Title: Defining Hard and Soft Tissue Asymmetry Using 3-dimensional CBCT Analysis
Marisa Reason (Presenter)
David Briss, Boston University
Objectives: The aim of the study is to establish appropriate, reproducible soft tissue landmarks and a bony counterpart in CBCT images, evaluate the correlation between the skeletal and soft-tissue landmarks, and use the measurement correlations to objectively define asymmetry to discover where asymmetries originate.
Methods: Pre-treatment Cone Beam Computed Tomography (CBCT) films of 160 esthetic human subjects previously used by another investigator were screened for use. The DICOM files were imported into InVivoDental5.3 software (AnatomageTM; San Jose, Calif.) for screening and 60 CBCT scans were selected for analysis. A soft tissue mask was created on all scanned images. 17 anatomic bony and soft tissue landmarks were identified in all three planes of space. The reference planes were defined as Nasion (x), Midpoint of Clinoid Processes (y), and the most inferior point of the inter-maxillary suture (z). Each landmark was given an (x,y,z) coordinate and bilateral linear measurements to the reference planes were recorded. Ratios were established between the soft tissue point and bony tissue counterpart in all three planes. InVivoDental5.3 software was used to calculate linear distances between each landmark and the reference planes. Descriptive statistics of our sample and correlation analyses were performed. The mean average and standard deviation of each landmark was calculated. Also the correlations between the respective hard and soft tissue landmarks were calculated.
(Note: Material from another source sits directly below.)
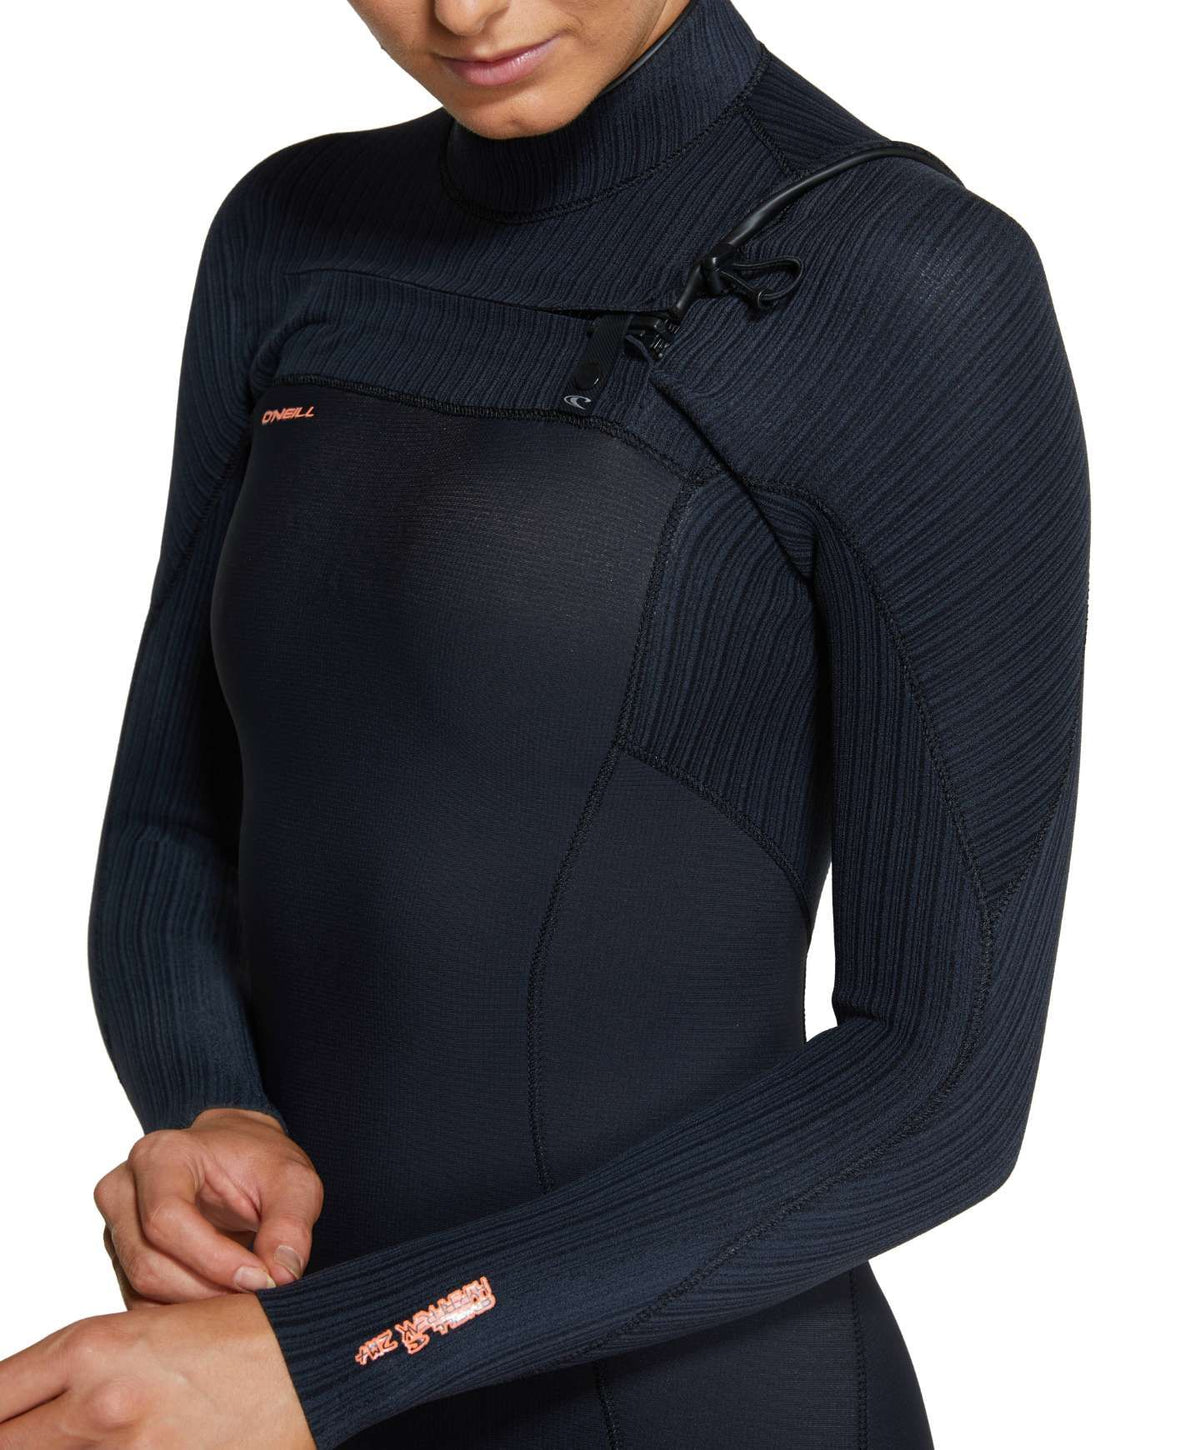 Women's Hyperfreak Long Sleeve Spring Suit 2mm Wetsuit - Black
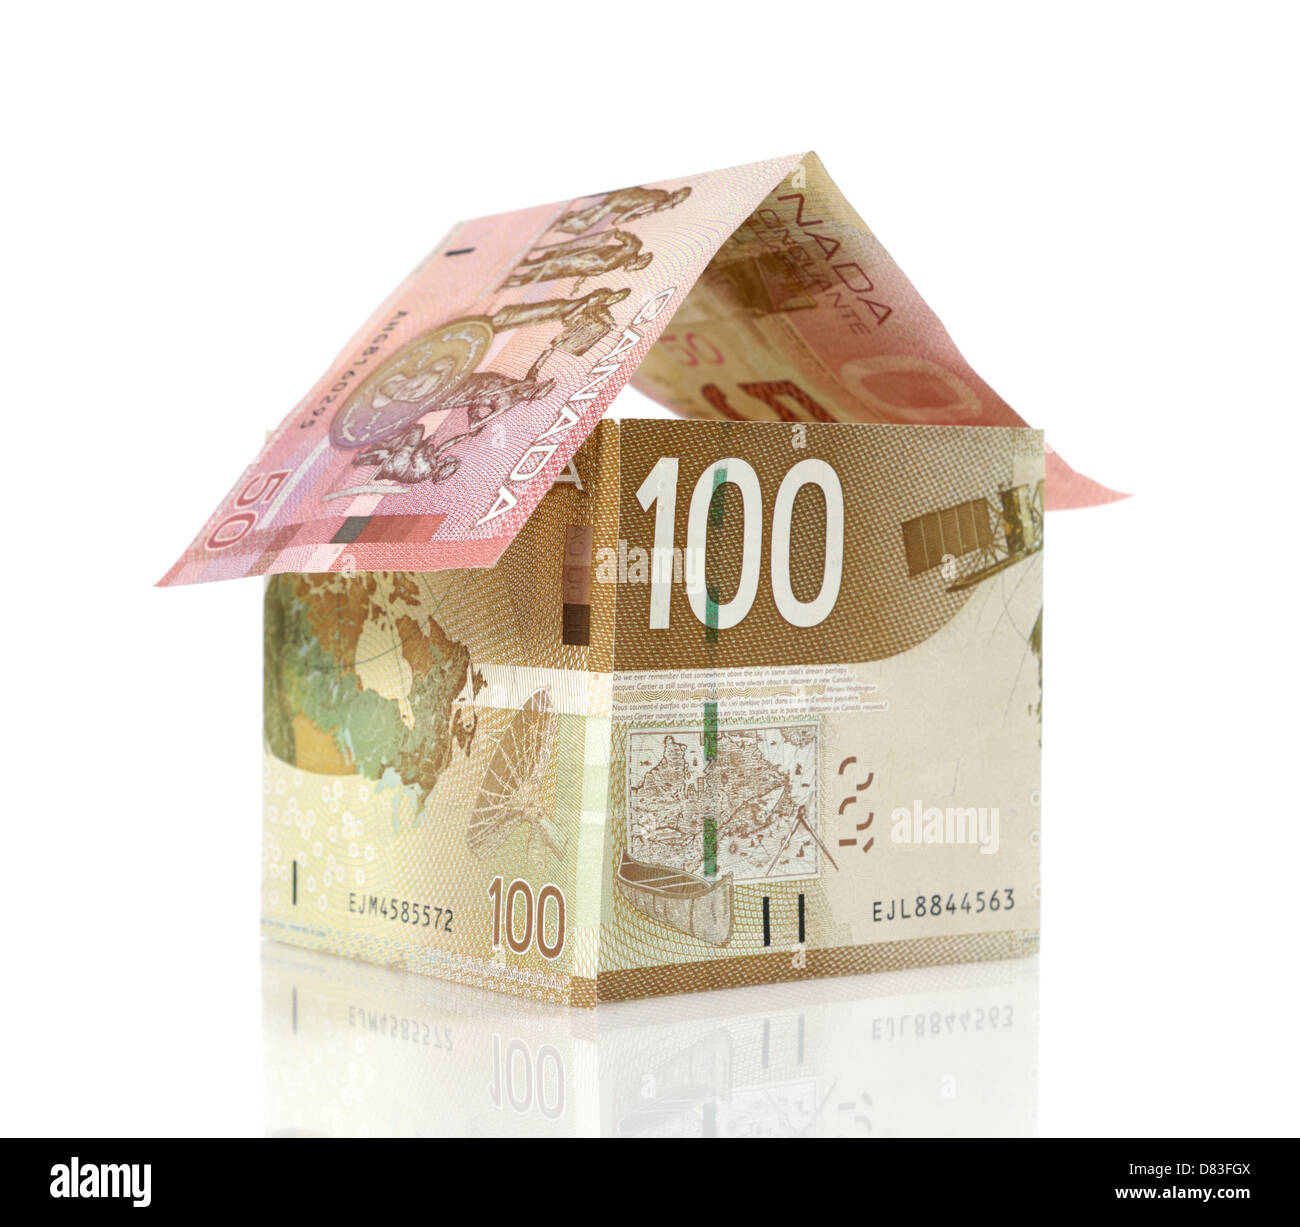 Modell eines Hauses aus kanadischen Dollar Rechnungen Nahaufnahme gemacht, Hypotheken, Investitionen, Sachversicherungen, Grundsteuer, Banking-Konzept Stockfoto

Results: A comparison between the hard and soft tissue landmark means was accomplished with the use of paired t-tests. It was founded that hard and soft tissue landmarks do have positive correlations, but four landmarks existed which showed statistical difference in location relative to the reference planes (p<.0.05).
Conclusions: The trend of the data indicates a significant relationship between the soft and hard tissue points in CBCT images. The statistically significant skeletal and corresponding soft tissue landmarks, could be due to tracing error, given the indiscrete location of some of the landmarks. However, these results could lead further researchers to use this information to discover the reasons behind the location differences, and start to define where asymmetries initiate in the skeleton and overlying facial soft tissue.